I have a long history of chasing after happiness the same way a cat chases for its tail – consciously, knowing it is there, but subsequently, being full aware that sometimes the hardest things to attain are right in front of us. At our fingertips, we have exactly what we spend our whole lives desperately yearning to take a hold of. However, I think the chase of acquiring possession, longing for entitlement, or the brief and settle moments where we finally catch what we have been running in circles for, are all means of being human. Yet, we run after happiness as if we are not worthy nor deserving enough for it to be in our reach. But, we are. We deserve happiness just as much as we deserve goodness. We deserve internal peace, just as much as we deserve unconditional love. We deserve these things so much, sometimes we need to be reminded how close they truly are within our reach.

There was a time in my life where I felt undefeated when it came to this longing for this universal want for happiness. I saw this chase as nothing more than the walk back down from an uphill journey. As I would walk back down after finding happiness, it was nothing more than counting my footsteps and calculating just how far I will have to go until I am happy again. It was this temporary sensation that would linger on the outskirts of my heart and in the blood vessels of my body. But, I knew too well: all temporary things will be temporary unless we seek for permanence.

I was on a quest for more. I did not want to settle for temporary happiness – I wanted to settle for permanence. I deserved that. We deserve that.

When I finally had given up on this quest for happiness, I felt as if I had given up on a larger part of myself. I felt defeated. I felt as if I moving and being still at the same time. I felt the same way I feel when I dig my the soles of my feet into the sand on the shore of the ocean: subsequently, standing still but feeling my body move into the waves of the ocean.

Truthfully, I felt weak. I felt as if I was just outran by happiness. As I sat with this feeling of uncertainty, tossed and turned with it in the darkest hours of the night – I realized that I had finally made the boldest decision in the most vulnerable of times: letting go of seeing happiness as a destination on a map. Happiness is not point X on a map that needs to walked to, driven to, or flown miles to. Happiness is in the comfort of our own homes, in the moments that will forever sit still in our hearts, and in the cold winter air that we mindlessly inhale and exhale out.

Happiness is the smiles we exchange on the Subway on our way to work–smiling at the strangers that have given up on the same quest for finding happiness, too. For myself, I found internal happiness in the five-year-old’s that would come running into the school doors, hugging me at classroom door. Happiness was found in watering my bouquet of hand-picked flowers that sit on my mantle.
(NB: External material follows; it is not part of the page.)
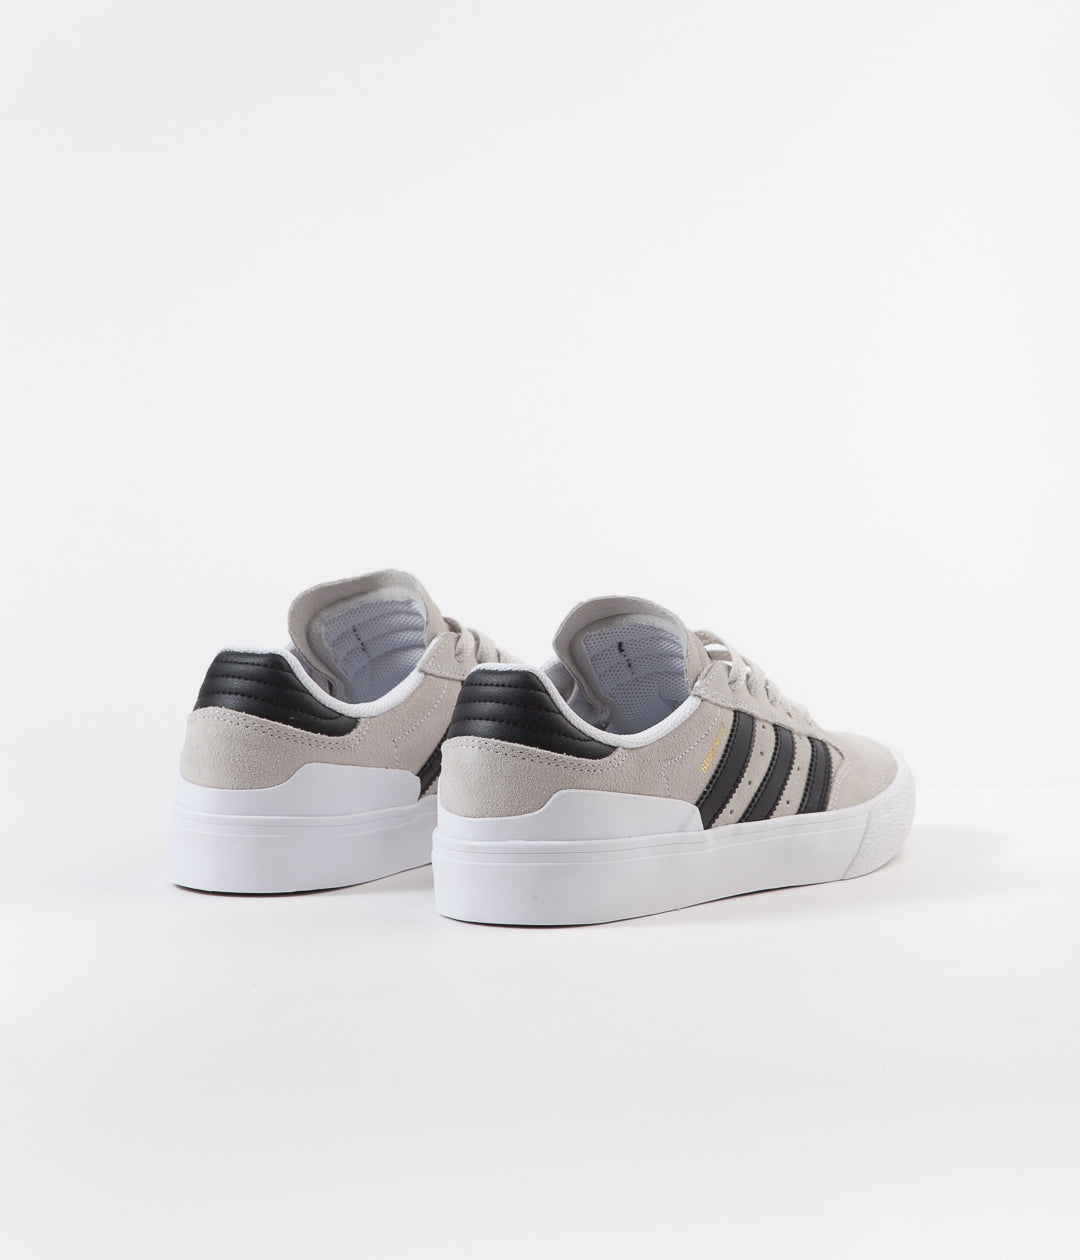 adidas busenitz vulc white & black shoes

Happiness was sharing stories of grief and loss. It was the shared tears in the moments of mourning and grieving. It was my fingertips touching the keys of a piano. Happiness was found in the silent moments of sipping on a cup of coffee outside my bedroom window as I would let the sun hit my face. Happiness was found within reach. It was always there. But, I looked too hard for it. I looked for it in the most unrealistic and unreasonable of places.

And, as I finally decided it was time to get my hands dirty and get to the core of this personal journey of mine that was nothing more than a search for internal happiness, I realized that I would give up on chasing this notion that happiness needs to be chased. Because, in all reality, happiness sits right in front of us. It’s a matter of choosing to see the small things that are more than often overlooked. Happiness contains of the moments that stop time, that pulls us back from reality. Happiness lies in between the lines of simplicity and accessibility. It is within reach. It no longer calls for running barefoot over fire after something that is too fast for us to catch – we have to remember, we are faster and greater and bigger than the chase.